Infrastructure components

Component Role Config env var
PostgreSQL Persistent storage for all domain data CHAP_DATABASE_URL
Redis Celery broker/backend + v2 service registry CELERY_BROKER
Celery Async task execution (uses Redis URL)

The v1 API

The v1 router (rest_api/v1/rest_api.py) includes four sub-routers:

crud.py (/v1/crud/...)

Standard CRUD endpoints for the core domain objects:

  • Backtests -- list, get, create, update, delete evaluations.
  • Predictions -- list, get, delete predictions.
  • Datasets -- list, get, create (JSON or CSV), export as CSV/DataFrame, delete.
  • Model templates -- list all templates (also triggers chapkit sync).
  • Configured models -- list, create, soft-delete configured models.
  • Debug -- create and get debug entries.

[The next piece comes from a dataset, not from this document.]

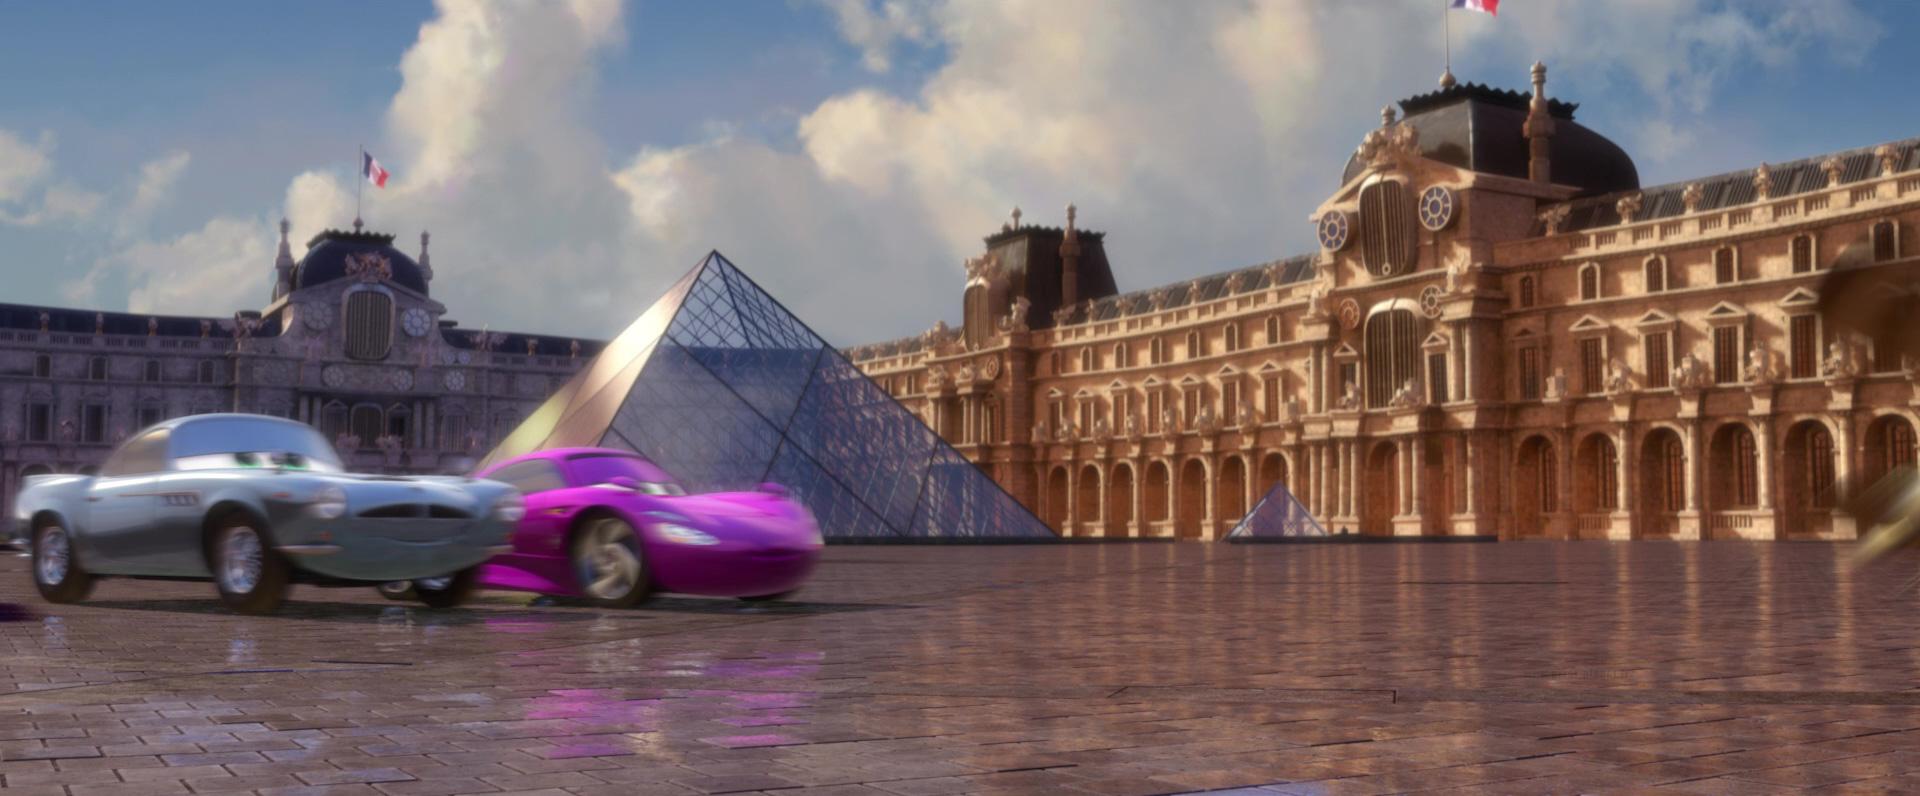 pixar disney cars carisation

Creating a backtest (POST /v1/crud/backtests) queues a Celery job and returns a JobResponse with the task ID. The actual work happens in db_worker_functions.py, executed by the Celery worker.

analytics.py (/v1/analytics/...)

Higher-level endpoints used by the Modeling App:

  • POST /make-dataset -- validate, harmonize and import a dataset.
  • POST /create-backtest -- create a backtest from an existing dataset.
  • POST /create-backtest-with-data/ -- validate data, create dataset, then run backtest. This is the main endpoint used by the Modeling App. Supports a dryRun query param for validation only.
  • POST /make-prediction -- validate data and run a prediction.
  • GET /evaluation-entry -- return quantile-based forecast data for a backtest.
  • GET /prediction-entry/{id} -- return quantile-based forecast data for a prediction.
  • GET /actualCases/{id} -- return observed disease cases for a backtest's dataset.
  • GET /compatible-backtests/{id} -- find backtests compatible for comparison.
  • GET /backtest-overlap/{id1}/{id2} -- find overlapping org units and periods.
  • GET /data-sources -- return the list of available climate data sources.

jobs.py (/v1/jobs/...)

Monitor and manage async Celery jobs:

  • GET /v1/jobs -- list all jobs, with optional filters for IDs, status, and type.
  • GET /v1/jobs/{id} -- get job status (PENDING, STARTED, SUCCESS, FAILURE, REVOKED).
  • DELETE /v1/jobs/{id} -- delete a completed job's metadata.
  • POST /v1/jobs/{id}/cancel -- cancel a running job.
  • GET /v1/jobs/{id}/logs -- get user-facing status logs for a job.
  • GET /v1/jobs/{id}/database_result -- get the database ID produced by a completed job.
  • GET /v1/jobs/{id}/prediction_result -- get prediction results.
  • GET /v1/jobs/{id}/evaluation_result -- get evaluation results.

visualization.py (/v1/visualization/...)

Generates plots and metrics charts from backtest results.

The v2 API

The v2 API currently only contains the service registry for chapkit model services.

Service lifecycle

  1. A chapkit container starts and calls POST /v2/services/$register with its URL and model info.
  2. The orchestrator stores the registration in Redis with a TTL (default 30 seconds).
  3. The chapkit container sends periodic PUT /v2/services/{id}/$ping requests to stay registered.
  4. If pings stop, Redis automatically expires the registration.

The registration endpoint also eagerly syncs the chapkit service into the PostgreSQL database (model templates and configured models) so the v1 CRUD endpoints can serve them immediately.

Authentication

Registration and ping endpoints require a service key via the verify_service_key dependency.

Database layer

Engine and session setup

The database engine is created at module import time in database/database.py. It reads CHAP_DATABASE_URL from the environment and retries connections up to 30 times (to handle container startup ordering in Docker Compose).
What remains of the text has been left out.